▶ [TASK]
Each line below must be set down exactly; omit any image you find.

▶ [SOURCE DATA]
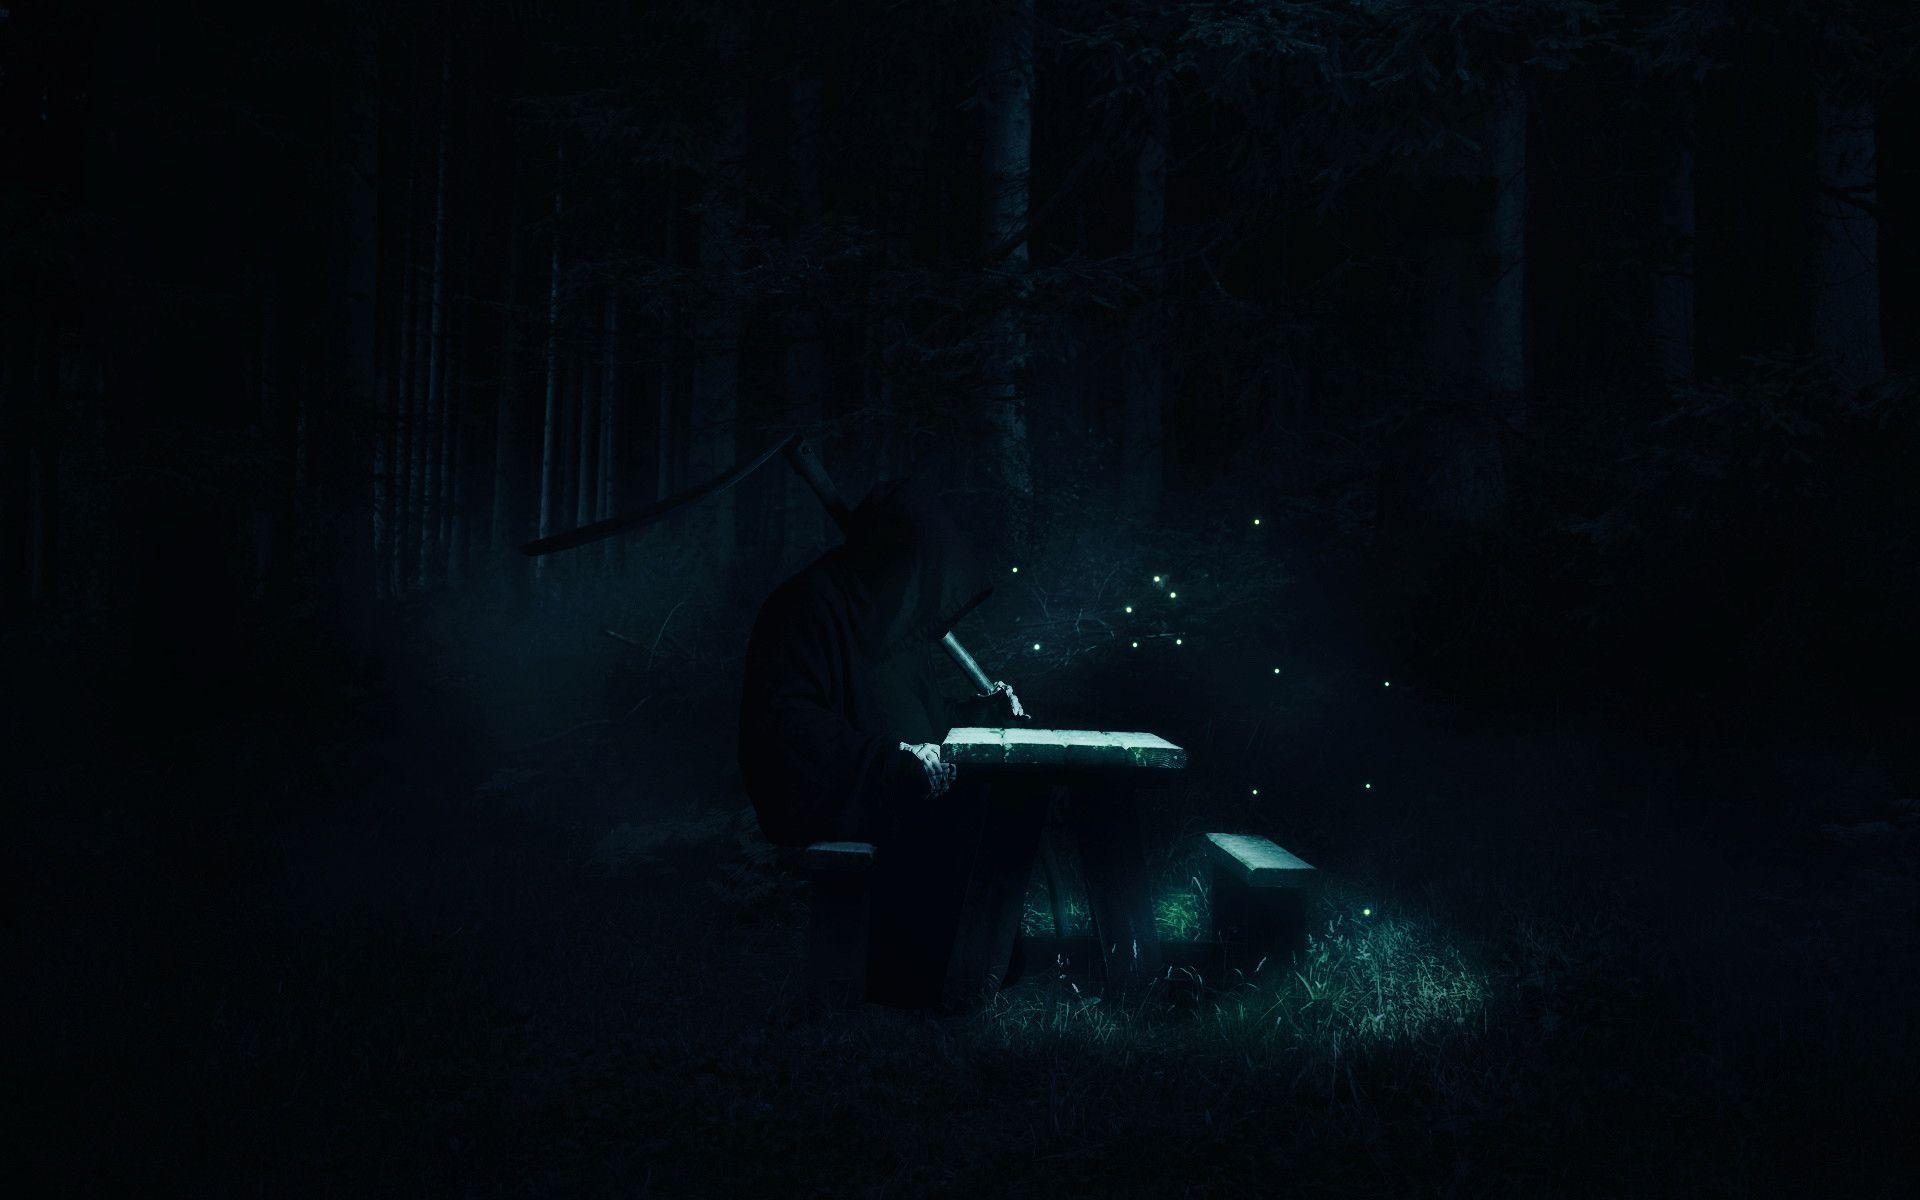 Pin Fireflies Wallpaper on Pinterest
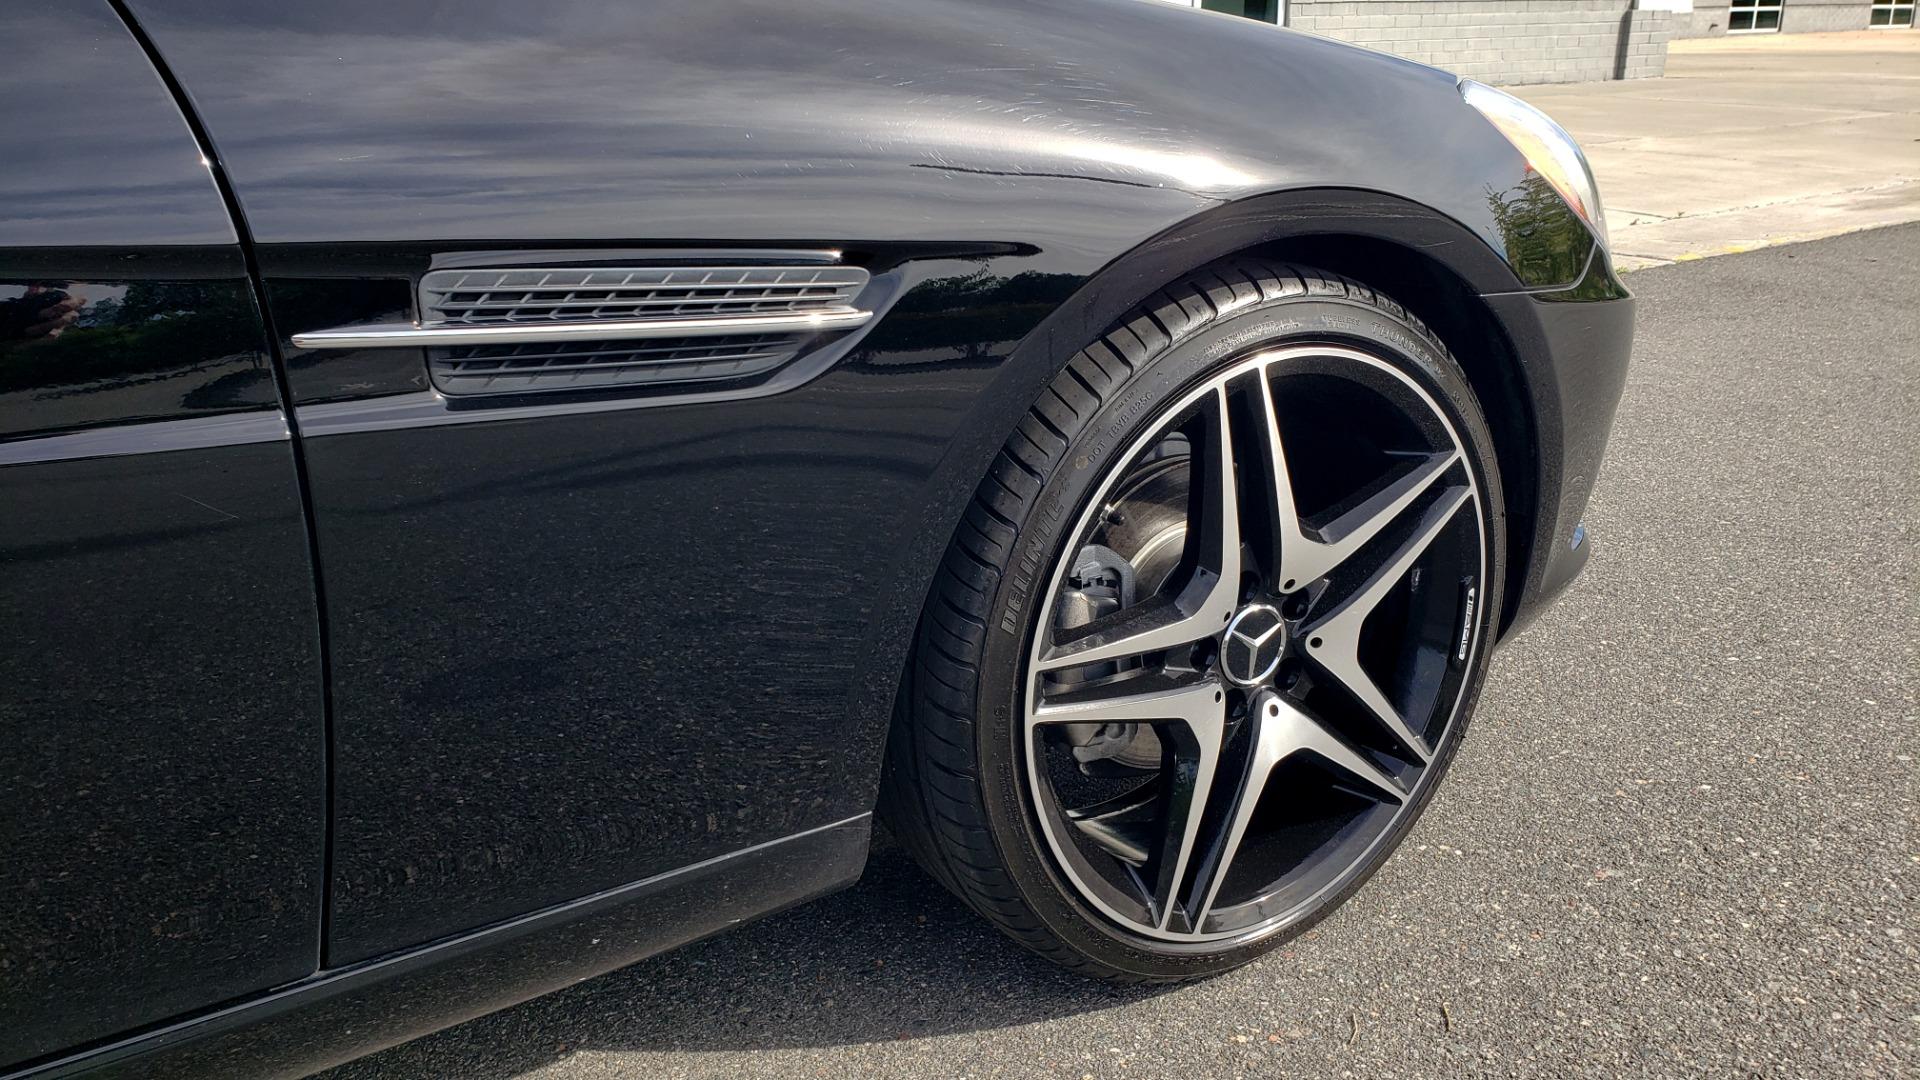 Used 2012 Mercedes-Benz SLK-CLASS SLK 250 ROADSTER / PREM 1 PKG / COMAND LAUNCH PKG / 7-SPD AUTO for sale $24,995 at Formula Imports in Charlotte NC 28227 63
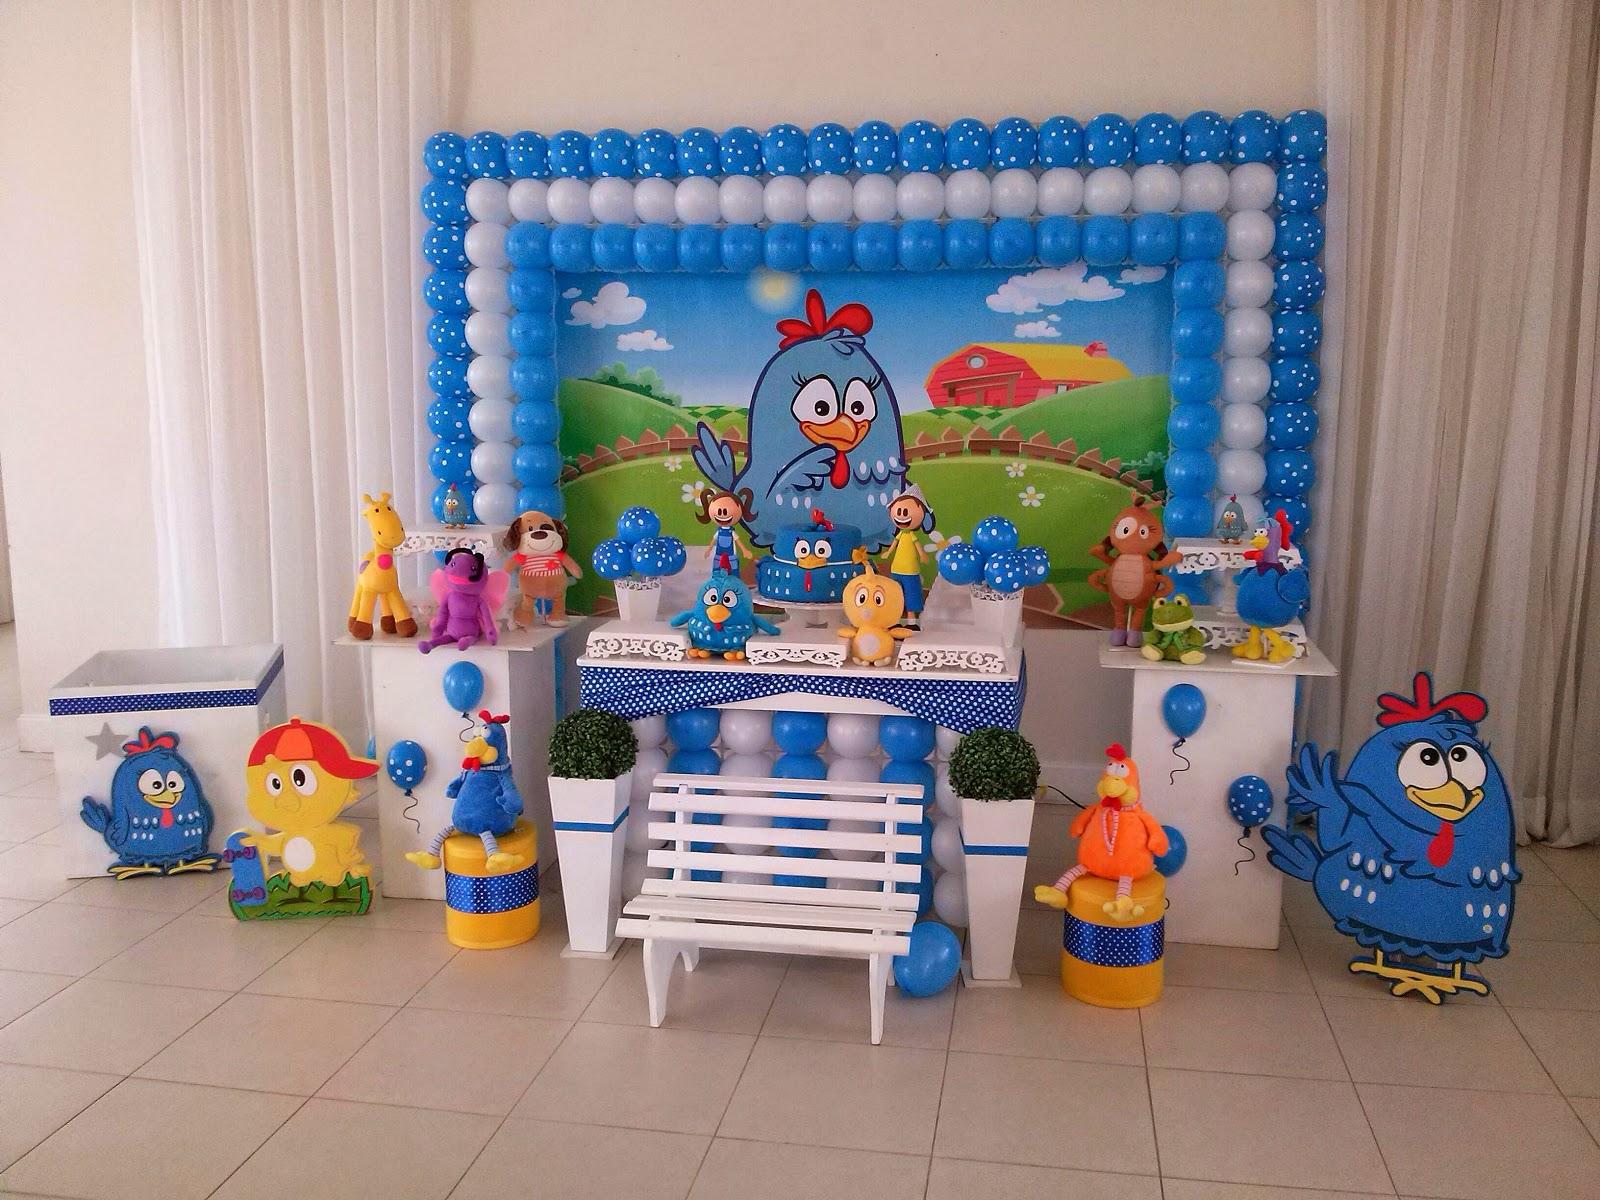 decoracao galinha pintadinha azul e amarelo:Decoração Galinha Pintadinha Provençal – CIFESTA DECORAÇÕES

▶ [EXPECTED OUTPUT]
 Pin Fireflies Wallpaper on Pinterest
 Used 2012 Mercedes-Benz SLK-CLASS SLK 250 ROADSTER / PREM 1 PKG / COMAND LAUNCH PKG / 7-SPD AUTO for sale $24,995 at Formula Imports in Charlotte NC 28227 63
 decoracao galinha pintadinha azul e amarelo:Decoração Galinha Pintadinha Provençal – CIFESTA DECORAÇÕES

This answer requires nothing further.